■ Problem requirements
Your answer must be the data repeated exactly, with no pictures in it.

■ Source material
=-=-=-=-=

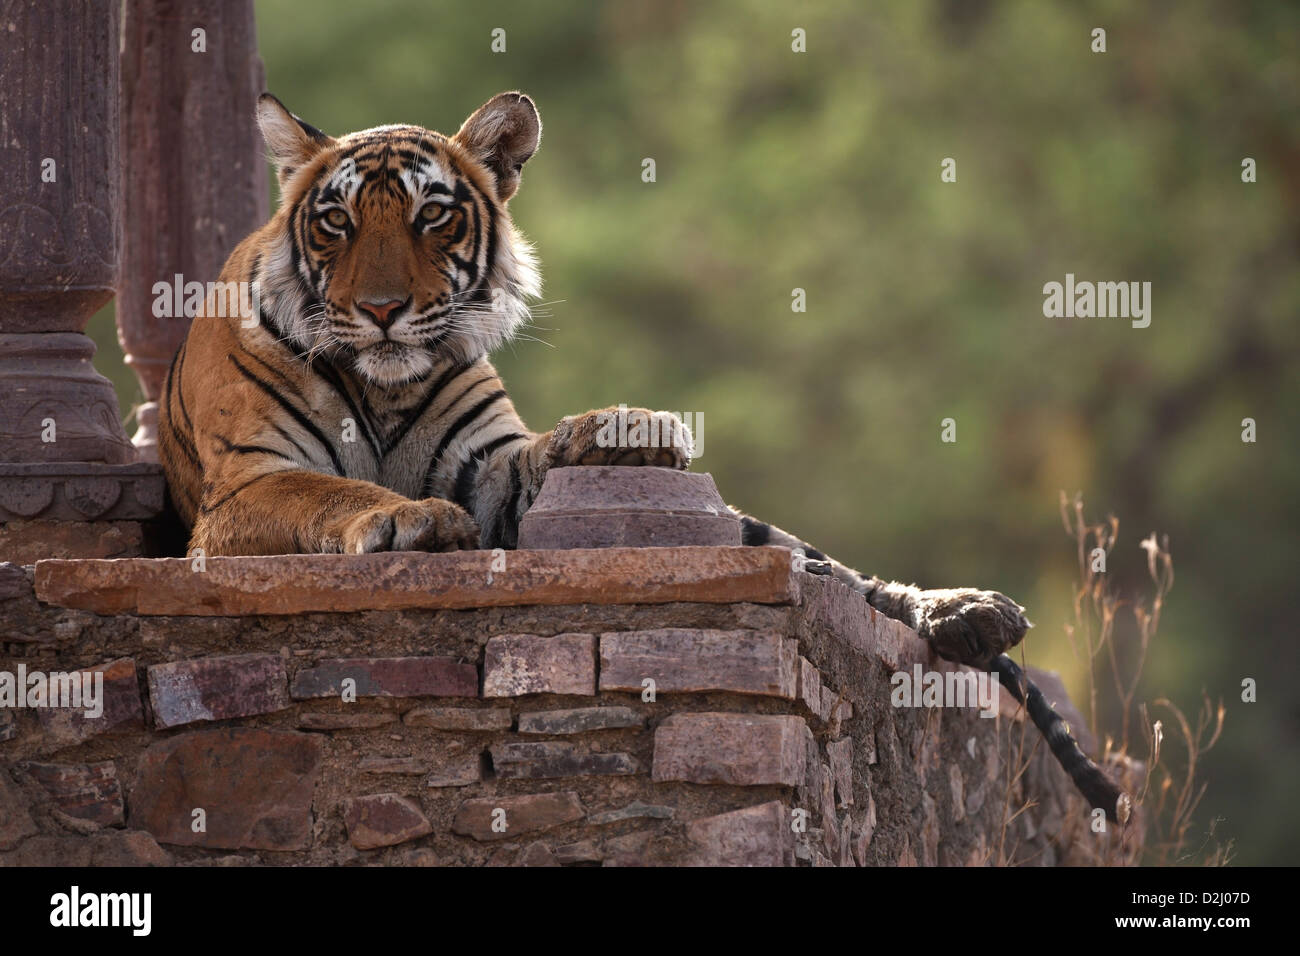 Tigre du Bengale sauvage, Panthera tigris, situé dans le temple, parc national de Ranthambore, Inde Banque D'Images
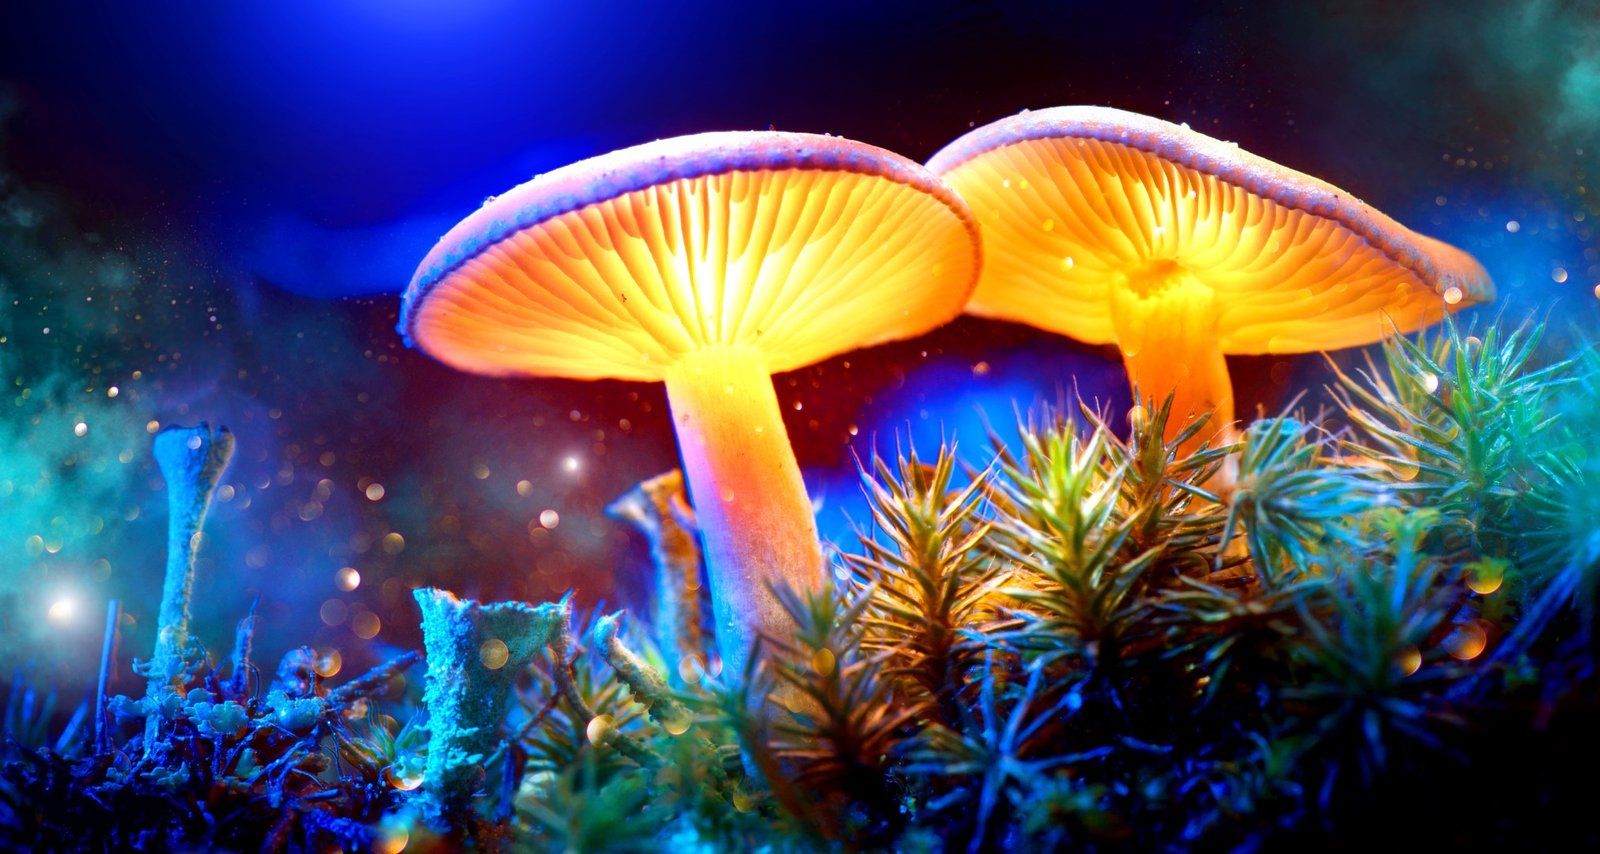 Glowing Fungi Magic Mushrooms
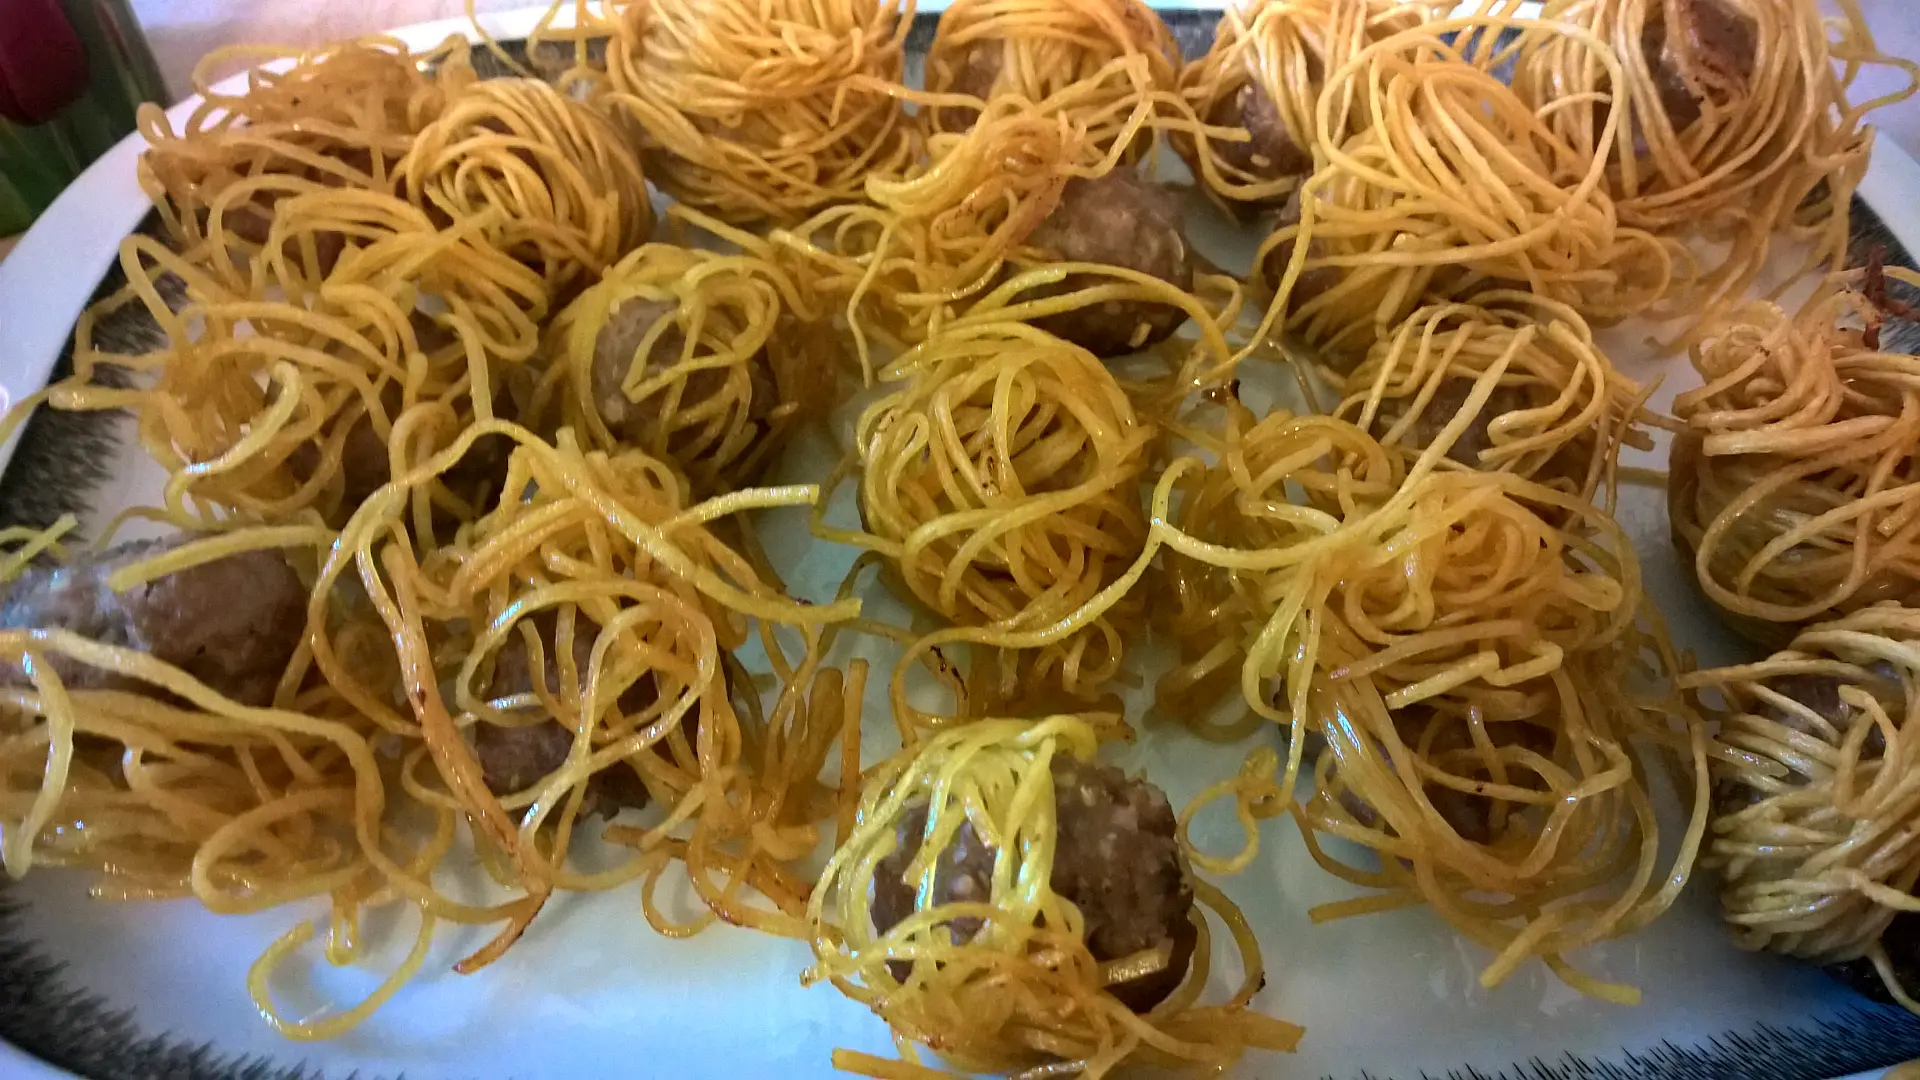 Hackfleischbällchen in gelben Nudeln – หมูโสร่ง (Muh Sarong)

=-=-=-=-=

■ Solution to the problem
 Tigre du Bengale sauvage, Panthera tigris, situé dans le temple, parc national de Ranthambore, Inde Banque D'Images
 Glowing Fungi Magic Mushrooms
 Hackfleischbällchen in gelben Nudeln – หมูโสร่ง (Muh Sarong)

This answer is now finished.